Изменить стиль страницы

— Про всё! Почему дед нас обзывает «турецким отродьем»? Расскажи.

— Ой, Олька, это он от небольшого ума! Подведёшь ты меня под монастырь, если дед узнает, что я разболталась.

— Бабушка, никому не расскажу, честное пионерское, вот тебе истинный крест.

Бабушка смеялась до слёз, наблюдая за мной, как я подняла руку и отсалютовала по-пионерски и здесь же несколько раз перекрестилась. Ладно, слушай.

— Вроде это было под Измаилом, после сражения. Гнали пленных, а среди них и небольшой гарем турка, жён того паши, что победили наши. И вот казаки не то с досады по погибшим товарищам, не то победу так отмечали, турчаночек помоложе из толпы повытягивали, ну и дед наш подсуетился, подхватил на своё седло какую-то в розовых шароварчиках. Темно было, не разглядел он ее поначалу. Сбросил в свой шалаш, а сам пошёл догуливать с товарищами, победу праздновать. Утром вернулся, как проспался, смотрит в углу его шалаша сидит девочка. От страха забилась в угол, поджимая ножки и пряча в них своё личико. Что делать? Пленных уже давно угнали, как догонишь? Дите напугано, и больная она совсем была, простужена, почти раздета, ножки обгорелые. Степь горела, а эти горемыки босиком бежали по ней. Еле выходил он маленькую полоняночку. Сколько лет ей, было не понять, доктор в лазарете на глаз определил, лет двенадцать от роду.
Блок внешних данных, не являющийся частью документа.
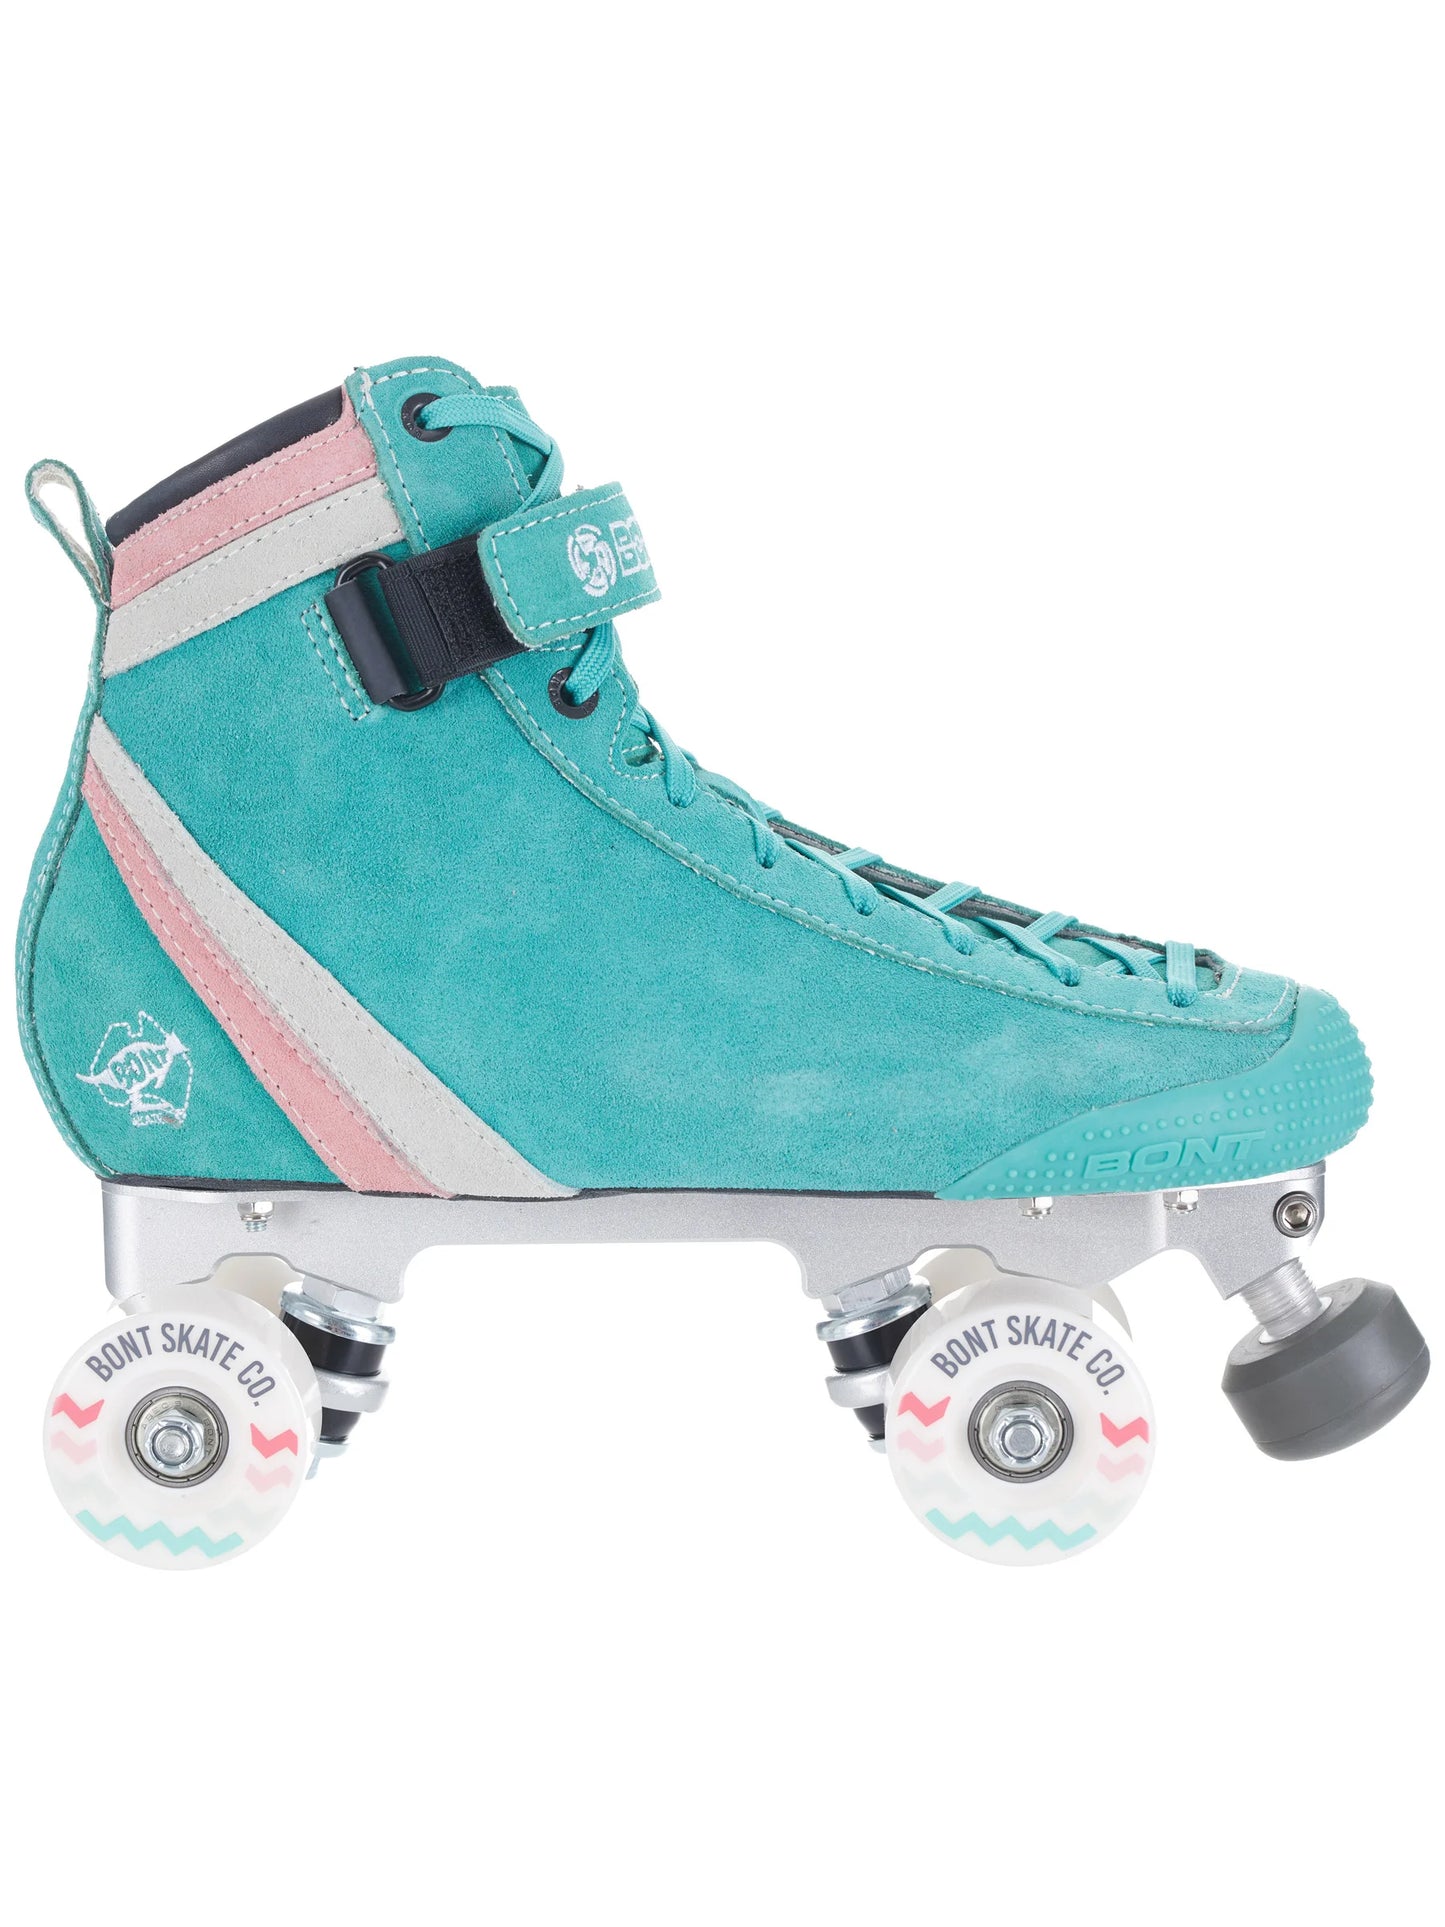 Bont parkstar roller skates are in Las Vegas. Stop by Fresas Skate Shop and try these skates on. You will fall in love with this Teal with a hint of Pink color skates. Let's Roll around Downtown Las Vegas.

На турчаночку она не была похожа вовсе, скорее дочка какой-то русской, попавшей в плен. Крали тогда ногайцы молодых женщин и детей, потом продавал и туркам, а те дальше. Жуть, какие были времена. Страдал тогда народ от этих иноверцев, хозяйничали они по степи, как хотели. Раньше как было: один богатеет, другой беднеет. Вот обедневшие помещики и селились на окраине. Вдоль рек возникали городки, деревеньки, разные поселения. Все у края земли русской. А как погнали турков, Екатерина прибрала к рукам всё Крымское ханство, еще другие земли-степи, и все это Новой Россией обозвали.

— Бабушка, ты лучше о турчаночке продолжай.

— То ли у деда, прадеда твоего, проснулась какая-то жалость к судьбе девочки, то ли что, но он её выходил. Куда ж деваться? Так в шалаше у него и жила. Всё его имущество было — это конь, собака и девочка, которую он называл Доця. Доця его подросла, похорошела, на неё стали заглядываться хлопцы. Дерибас, как прознал про эту историю, про турчаночку, нашел Николая Кныша, стало быть, твоего прадеда, обнял и шепнул, метнув взгляд на девушку: крестить её надо. Я тебе крёстным подойду? Но по мне бы лучше сватом! И казак сам его обнял, всё было решено, расцеловались, осушили чарки.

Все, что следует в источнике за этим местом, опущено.